Posted by: red at September 6, 2005 8:11 AM

also -

"There's a fine line between acting in a cabin and being completely insane."

do you remember that?

such a funny night!!!

Posted by: red at September 6, 2005 8:11 AM

his funny friend was like pretending ashes in an ashtray were stem-cells or something. it made absolutely no sense but was so funny.,

Posted by: siobhan at September 6, 2005 8:52 AM

also, i remember that he kind of was baffled as to why the 2 of us were laughing at him SO HARD - like he really had no idea how funny his delivery was.
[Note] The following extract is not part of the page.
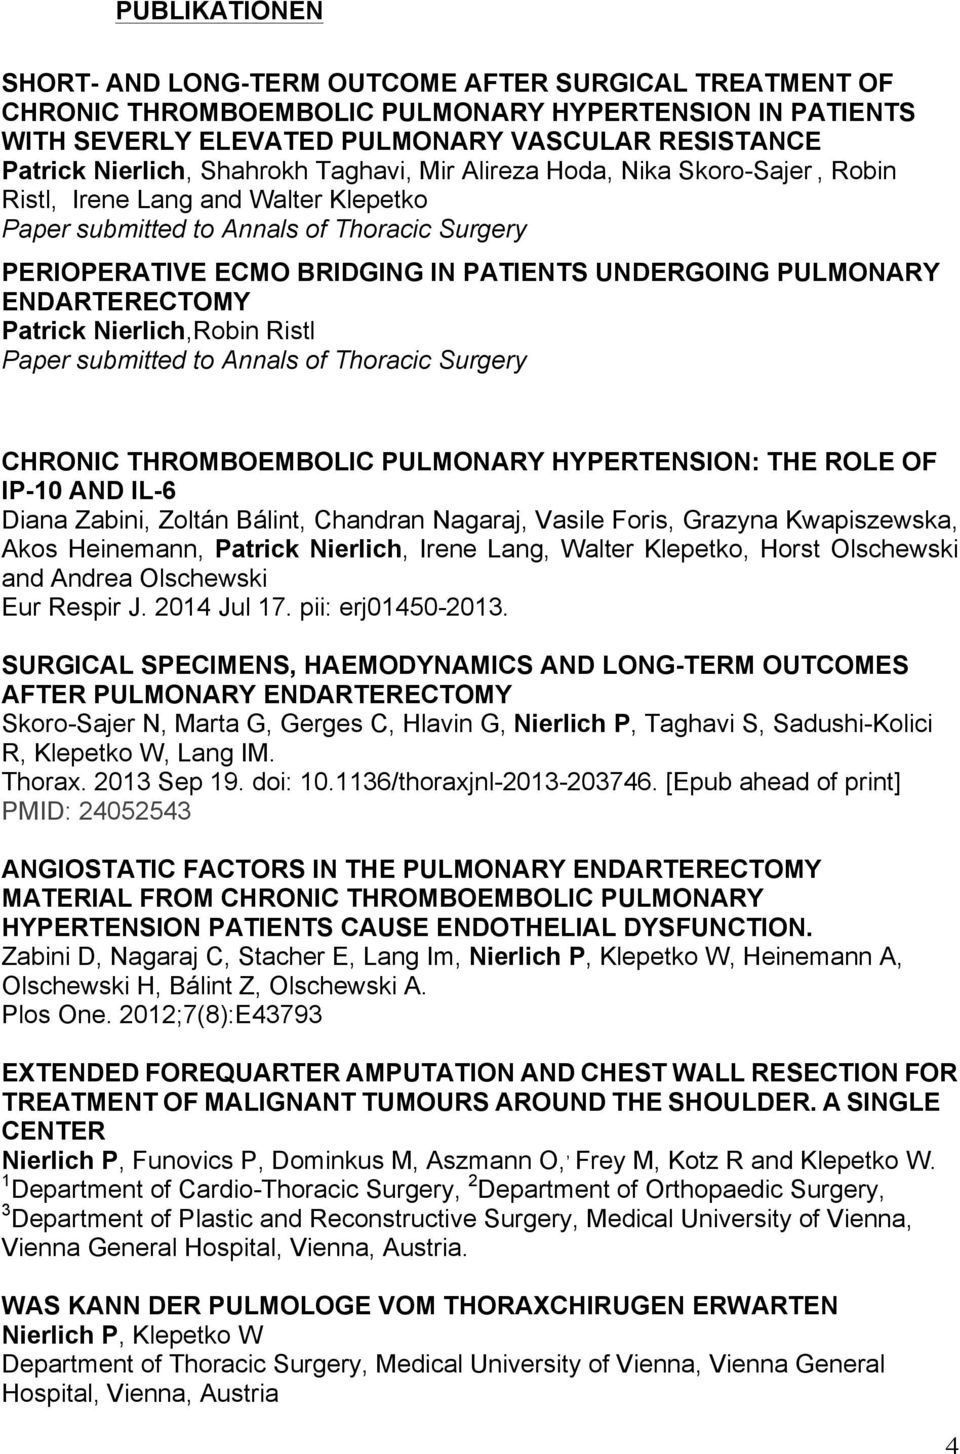 PULMONARY ENDARTERECTOMY Patrick Nierlich,Robin Ristl Paper submitted to Annals of Thoracic Surgery CHRONIC THROMBOEMBOLIC PULMONARY HYPERTENSION: THE ROLE OF IP-10 AND IL-6 Diana Zabini, Zoltán

Posted by: red at September 6, 2005 8:57 AM

"But alas. For various reasons, it was not meant to be."
What reasons? Why? Why? This is what I want to know...Please, dig deeper. (yeah, well, not to PRY, but...)
Beautiful writing, by the way.

Posted by: Missy at September 6, 2005 9:36 AM

missy - hahaha "why? why?"

we just met each other at the wrong time. bummer. big bummer.

Posted by: red at September 6, 2005 10:16 AM

beautiful, and hilarious! i wish things had worked out, though. [is there no hope?]

Posted by: amelie at September 6, 2005 3:55 PM

Nah - no hope. I think he might be married now. Not sure. Or well on the way to being married.